Tyrosinase is a rate-limiting enzyme for controlling the production of melanin, thus we examined the effect of Nrf2 overexpression on tyrosinase (TYR) activity. Consistent with previous data, Nrf2 overexpression led to inhibition of TYR activity compared to the control group (lane 1: 100.0%, lane 2: 55.4%±9.2, lane 3: 44.6%±1.6) (Figure 1D). Similarly, the protein levels of TYR and tyrosinase-related protein 1 (TRP1) were significantly decreased by Nrf2 overexpression. The protein level of tyrosinase-related protein 2 (TRP2, dopachrome tautomerase) was not affected (Figure 1E). To confirm whether Nrf2 overexpression inhibits transcription of the TYR gene, we co-transduced NHEMs with an Nrf2-expressing adenovirus and a TYR promoter-luciferase reporter adenovirus. As expected, Nrf2 significantly inhibited TYR promoter activity (lane 1: 99.8%±5.0, lane 2: 16.4%±0.6, lane: 17.3%±2.1) (Figure 1F).
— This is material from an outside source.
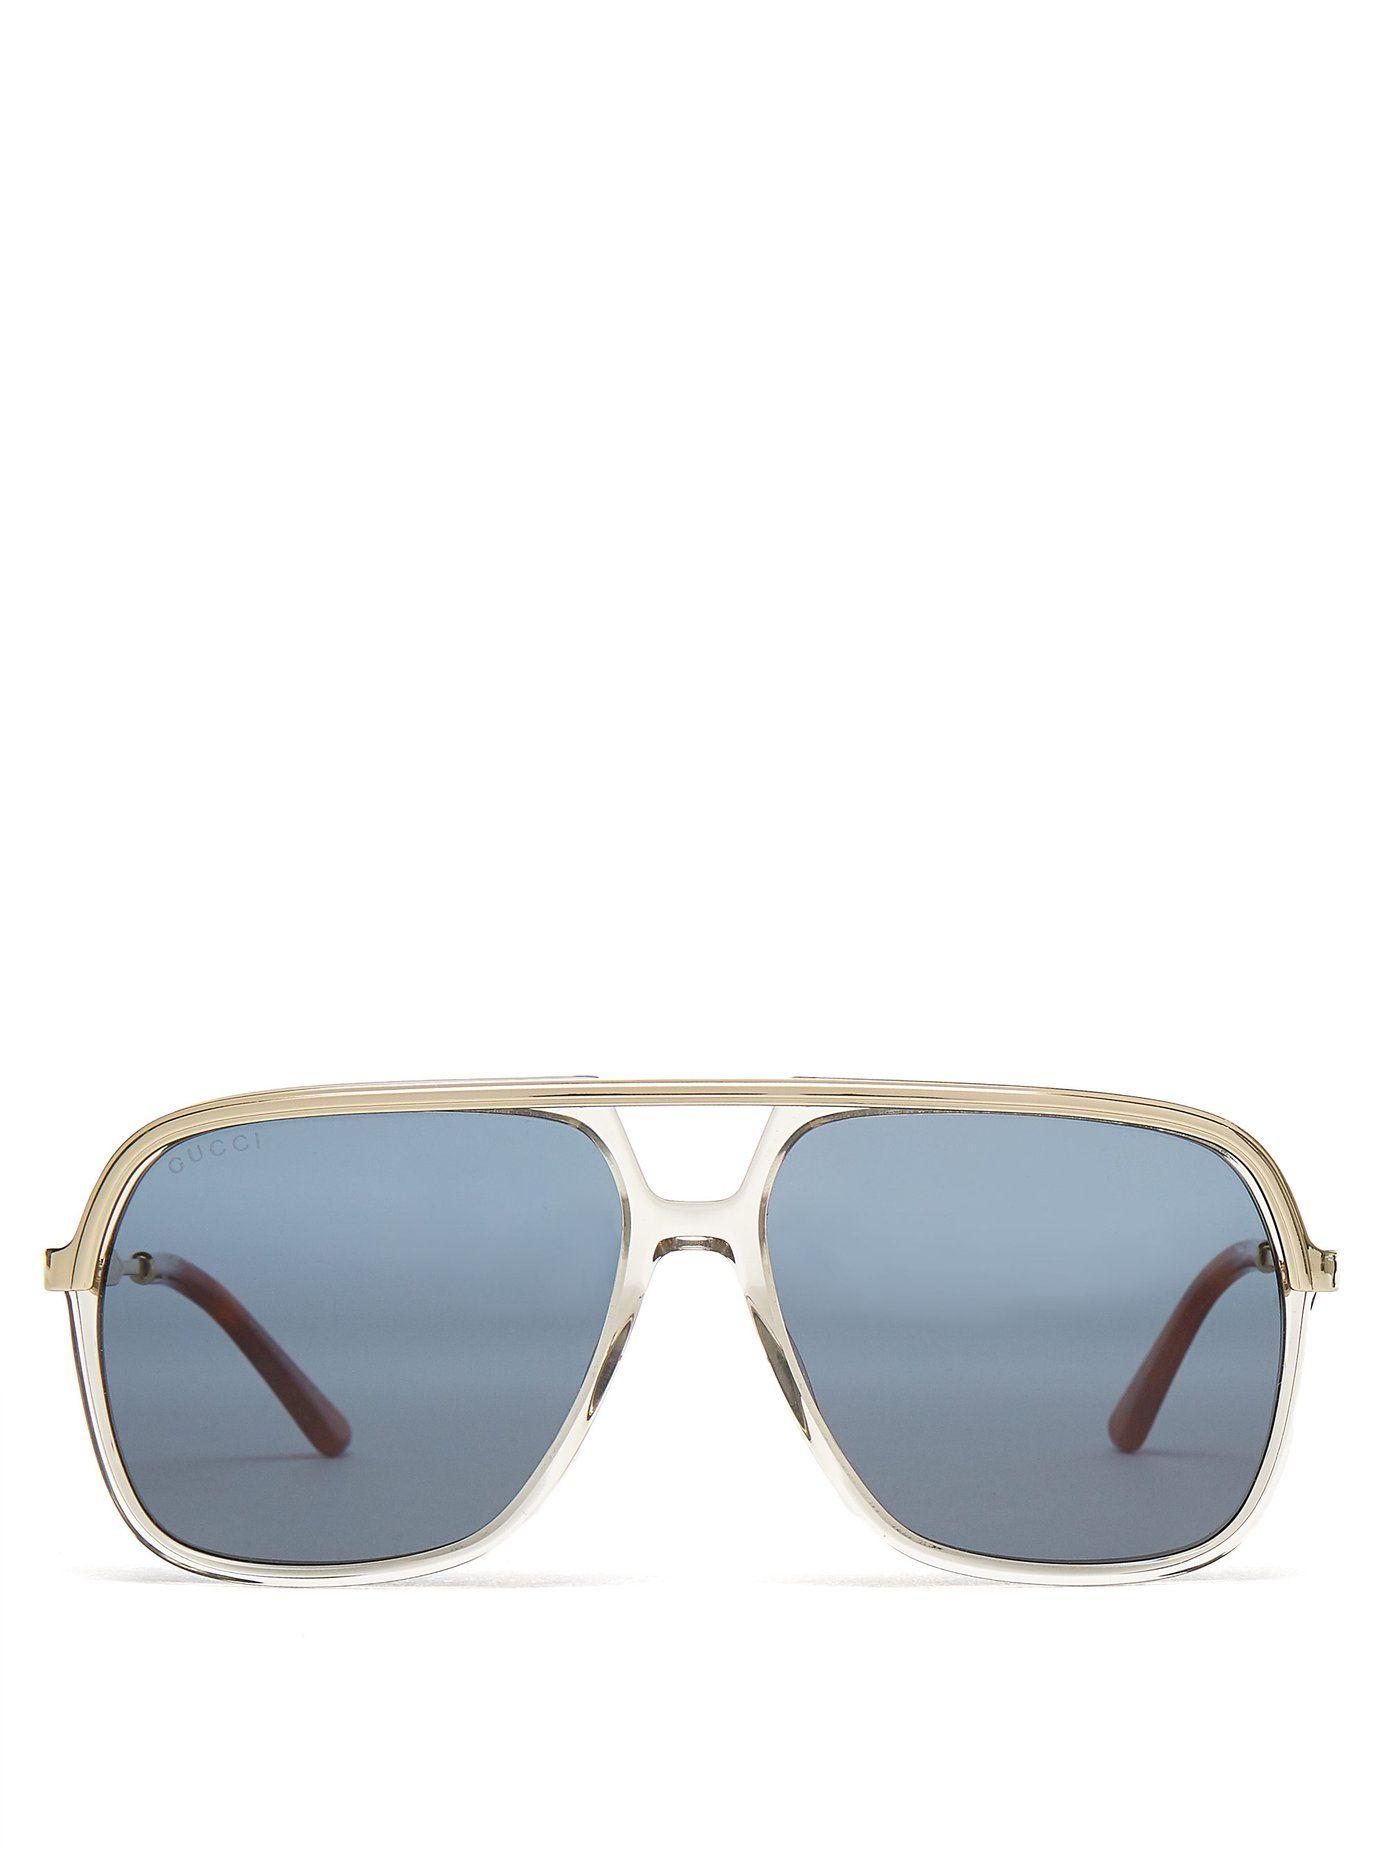 9eeef62351e Gucci Rectangular-frame acetate and metal sunglasses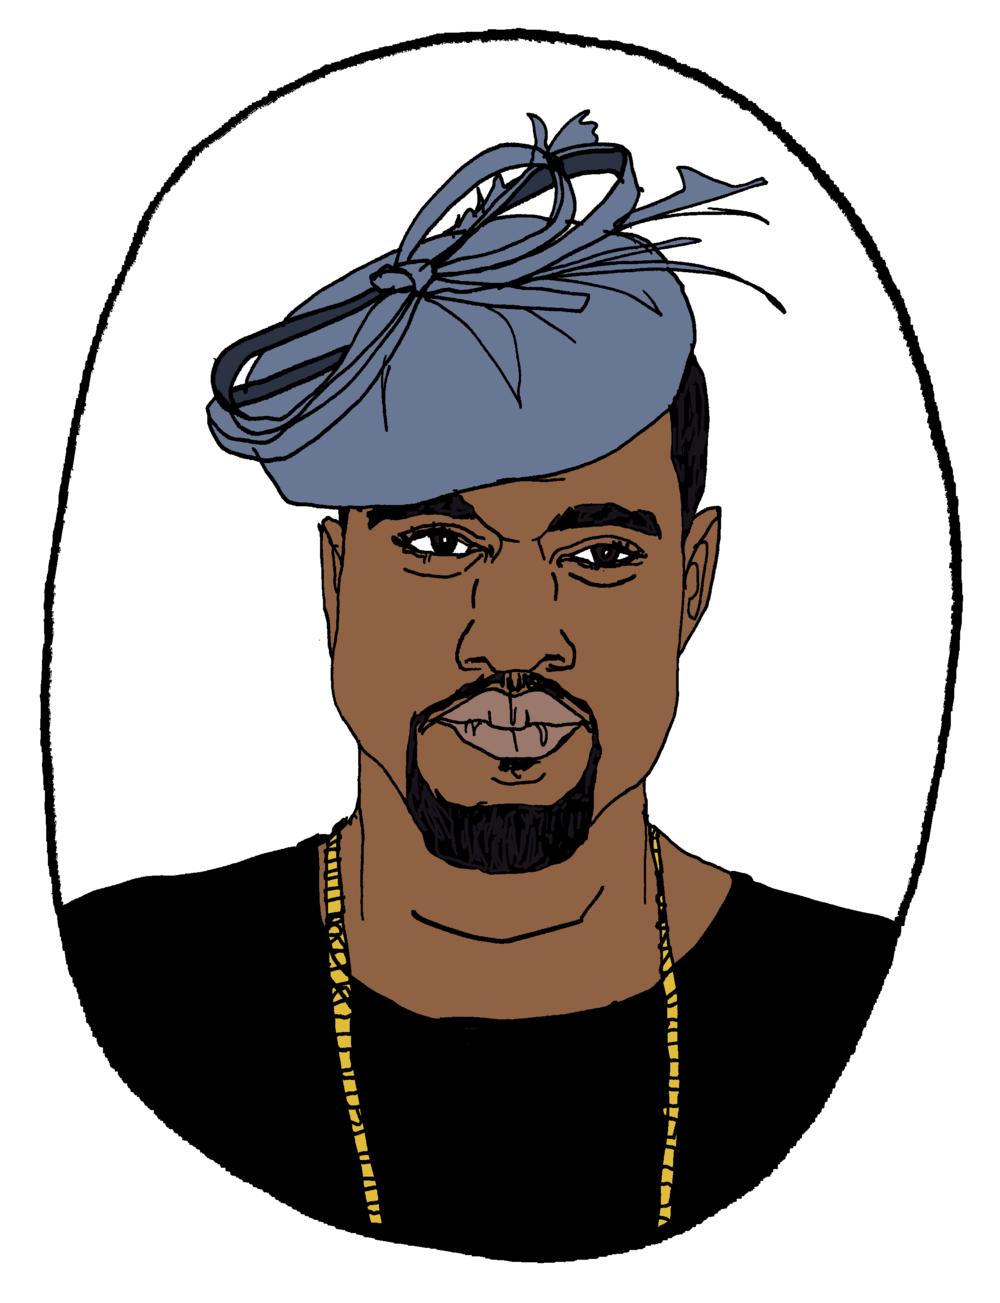 Kanye in Kate Middleton's Hat

Consistent with this result, Nrf2 overexpression led to the decrease of tyrosinase mRNA level in NHEMs (Figure S2). Together, these results suggest that Nrf2 negatively regulates pigmentation of melanocytes by modulating the expression of several melanogenic enzymes.
When NHEMs were treated with Nrf2 inducers such as tert-butylhydroquinone (tBHQ), sulforaphane and curcumin, nuclear translocation of Nrf2 was observed (Figure S5). In line with the negative role for Nrf2 in pigmentation, treatment of NHEMs with curcumin resulted in downregulation of TYR (Figure S6).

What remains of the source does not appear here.